Hamas handed over the remains of a deceased hostage on Monday as the Palestinian group came under increasing pressure to return its remaining deceased captives as promised under the Gaza ceasefire.
Prime Minister Benjamin Netanyahu’s office said Israeli forces had received a coffin containing what Hamas said was the sixteenth of 28 bodies of hostages taken in the October 7, 2023 attacks.
The Israeli military and security service were to take the coffin from Gaza to Israel, where it will be received in a military ceremony before being brought to the national forensic institute for identification and eventual return to the hostage’s family.
“All of the hostages’ families have been updated accordingly, and our hearts are with them in this difficult hour. The effort to return our hostages is ongoing and will not cease until the last hostage is returned,” the statement said.
– Deadline missed –
An informed source within Hamas confirmed the handover. “The body of an Israeli captive that was recovered today in the Gaza Strip has been handed over to the Red Cross,” the source told AFP.
The latest exchange came as both senior Israeli officials and an association representing the families of the October 7 hostages demanded that Hamas speed up the transfer, which has slowed since it released its 20 living captives.
“Hamas knows exactly where every one of the deceased hostages is held.
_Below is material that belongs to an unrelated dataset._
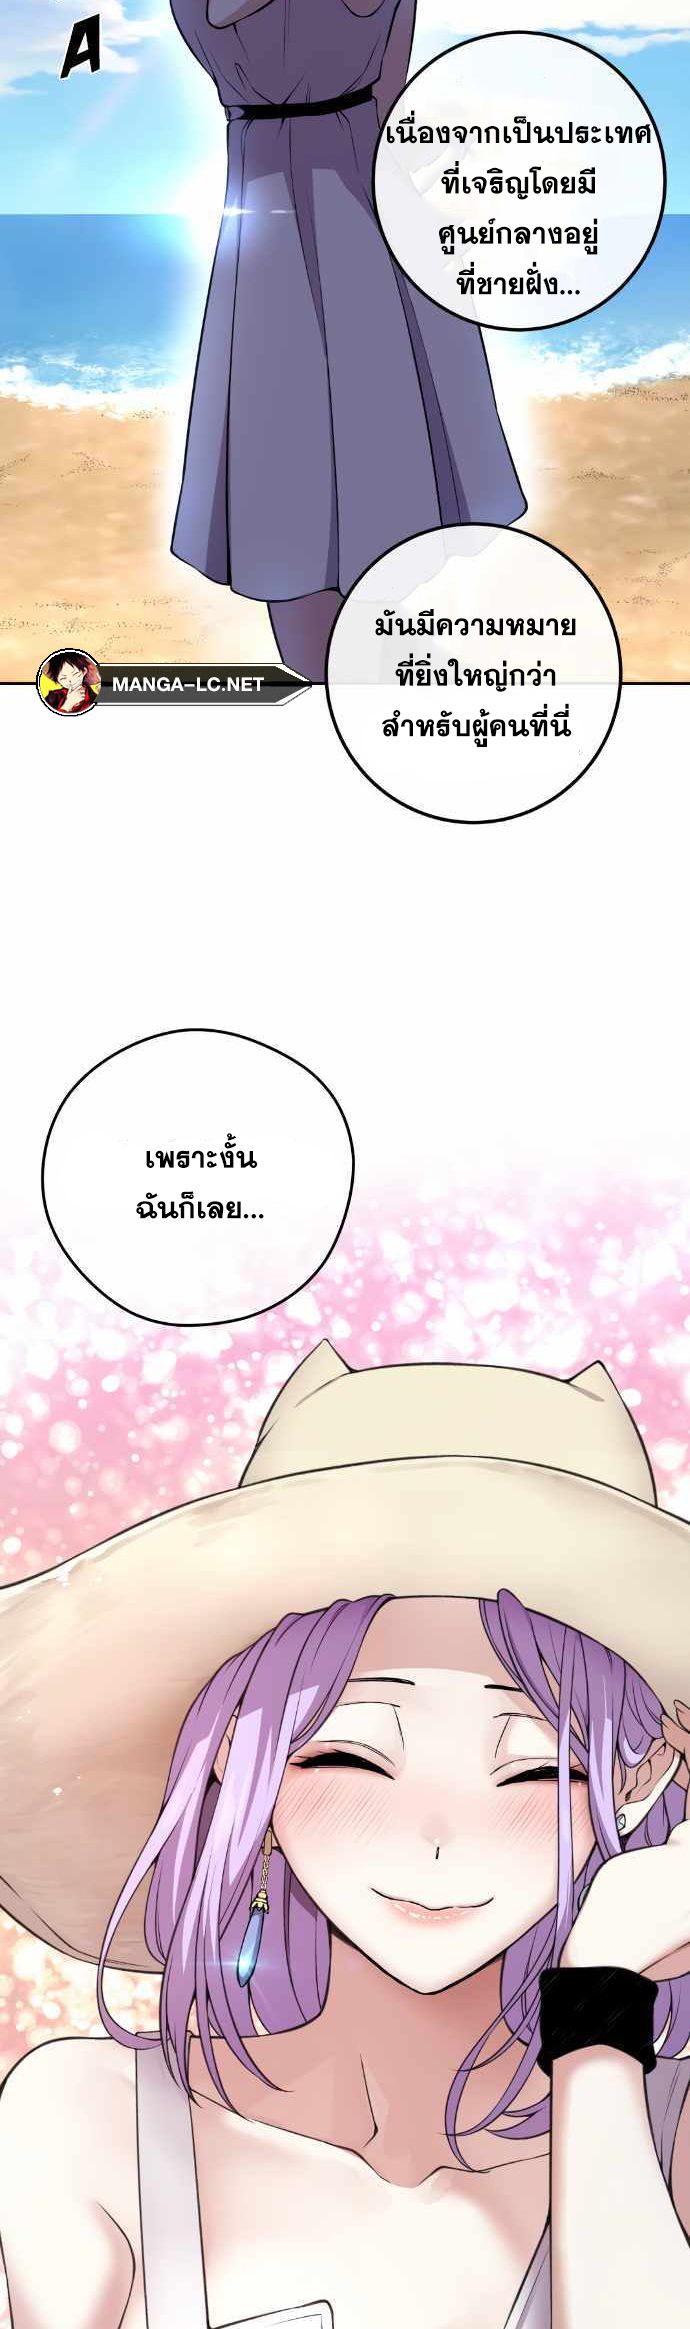 Webtoon Character Na Kang Lim ตอนที่ 122 (35)
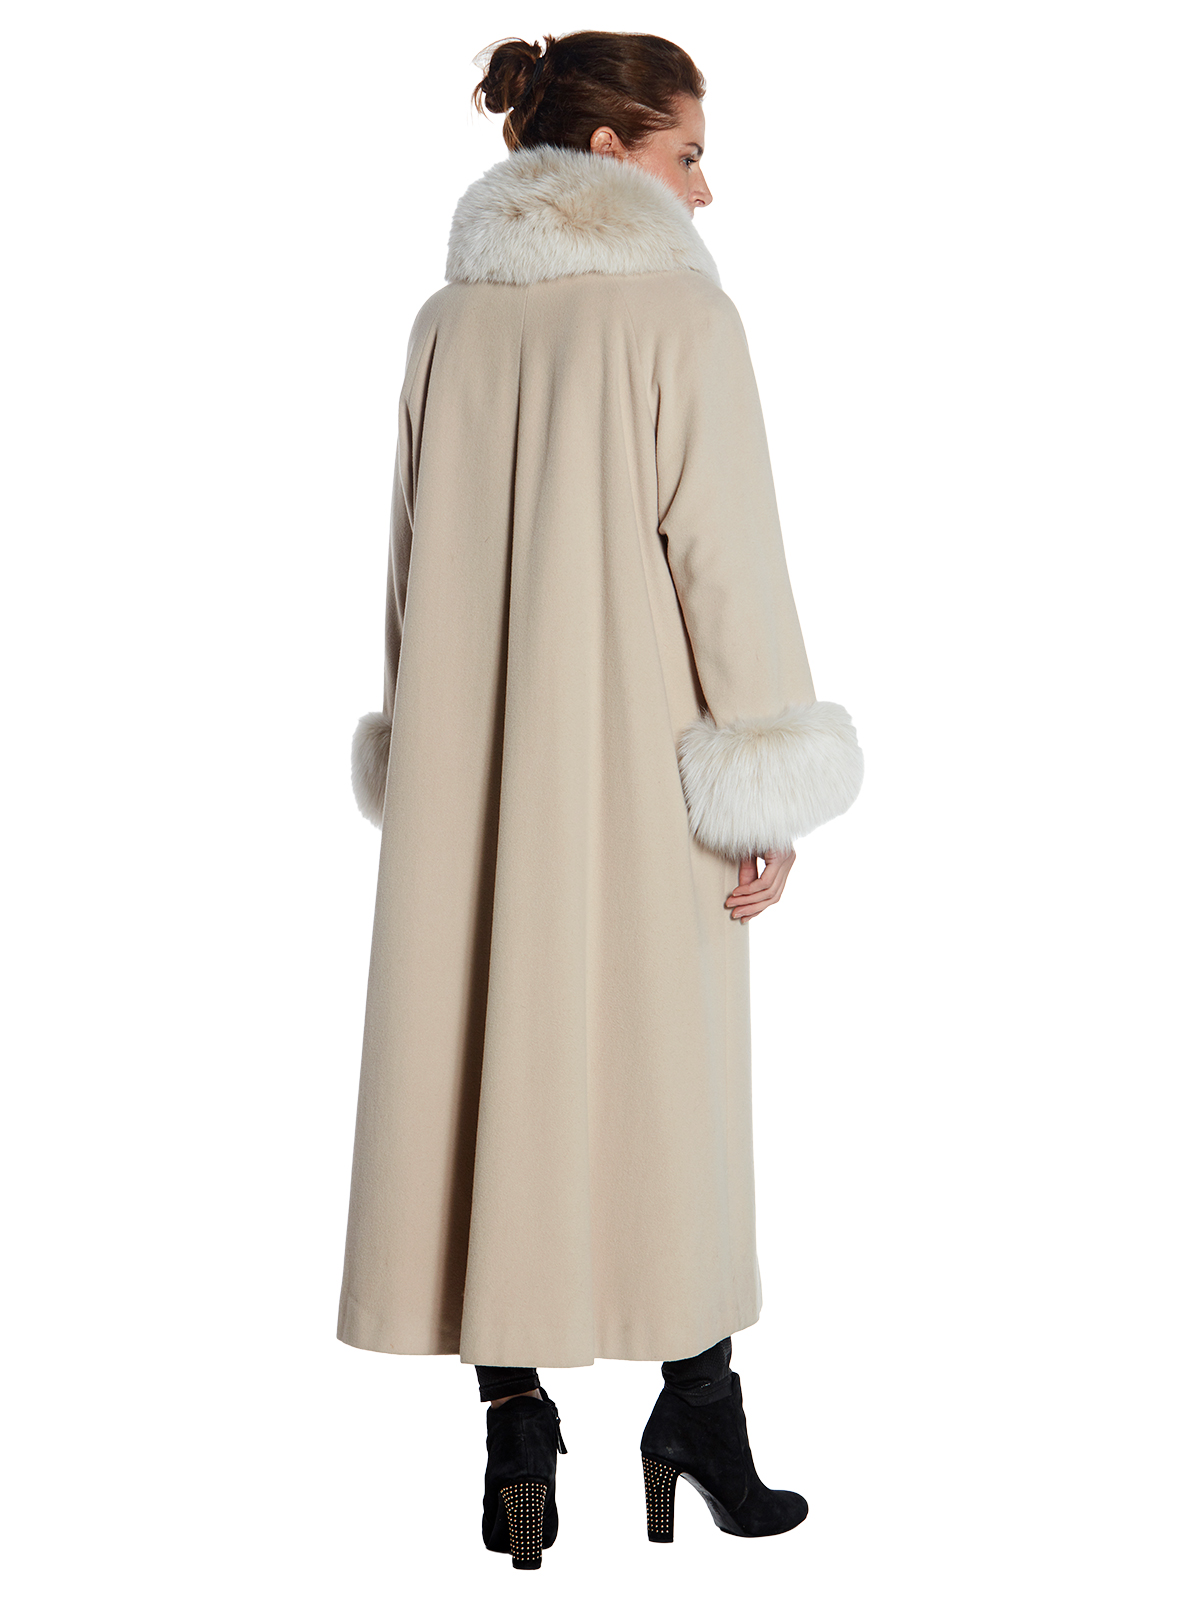 Beige Cashmere Coat - Women's Cashmere Coat - Large| Estate Furs

Two weeks have passed since the deadline set in the agreement for the return of all 48 hostages, yet 13 remain in Hamas captivity,” the Hostages and Missing Families Forum said.
“The families urge the government of Israel, the United States administration and the mediators not to advance to the next phase of the agreement until Hamas fulfils all of its obligations and returns every hostage to Israel,” the association said.
Hamas spokesperson Hazem Qassem protested that the claim that the group knows the location of the remaining missing bodies is “false”, arguing that Israel’s bombardment during the two-year conflict had left locations unrecognisable.
“We affirm our commitment to completing the first phase of the ceasefire agreement to prevent the occupation from finding any pretexts,” he said, referring to Palestinians’ fears that Israel could renew military action despite the truce
“We are determined to hand over the bodies of the Israeli captives as soon as possible,” he said.
– Search for bodies –
During their October 7, 2023 attack on Israel, Hamas militants took 251 people hostage, most of whom had been released, rescued or recovered before this month’s ceasefire.
The attack itself resulted in the deaths of 1,221 people, mostly civilians, according to an AFP tally based on official Israeli figures.
Israel’s subsequent assault on Gaza killed at least 68,527 people, according to figures from the Hamas-run territory’s health ministry that the UN considers reliable.
Hamas says it is committed to the ceasefire and insists it is trying to return all the remaining bodies — 11 Israelis and two workers from Thailand and Tanzania — but that the search has been hampered by the destruction wrought on Gaza during the war.
In the past two days, Egypt has sent recovery crews and heavy earth-moving equipment into Gaza, with Israeli approval, to help with the recovery operation.
Israeli spokeswoman Shosh Bedrosian said a team of Red Cross staff, Egyptian rescuers and a Hamas member were searching for bodies and had been allowed to cross the so-called Yellow Line into the area of Gaza controlled by Israeli forces.
A Red Cross spokesperson also confirmed it was part of the search team.
– Opposition to Turkey –
No firm timescale has been put on the next stages of the Gaza truce plan, but US President Donald Trump’s administration is working to set up an international security force with troops from Arab and Muslim nations to police the truce.
Israel has voiced strong opposition to Turkey’s participation in the proposed security force.
Israeli foreign minister Gideon Saar said that, under President Recep Tayyip Erdogan, Turkey had “led a hostile approach against Israel, that included not only hostile statements, but also diplomatic and economic measures against Israel”.
“So it is not reasonable for us to let their armed forces enter the Gaza Strip, and we will not agree to that, and we said it to our American friends,” he added, at a news conference during a visit to Budapest.
The US military has also set up a coordination centre in southern Israel to monitor the ceasefire and to coordinate aid and reconstruction, but aid agencies are pushing for greater access for humanitarian convoys inside Gaza.
Israel has withdrawn its forces from Gaza’s main cities, but still controls around half of the territory from positions on the Yellow Line, and has resisted calls to allow aid through the Rafah border crossing with Egypt.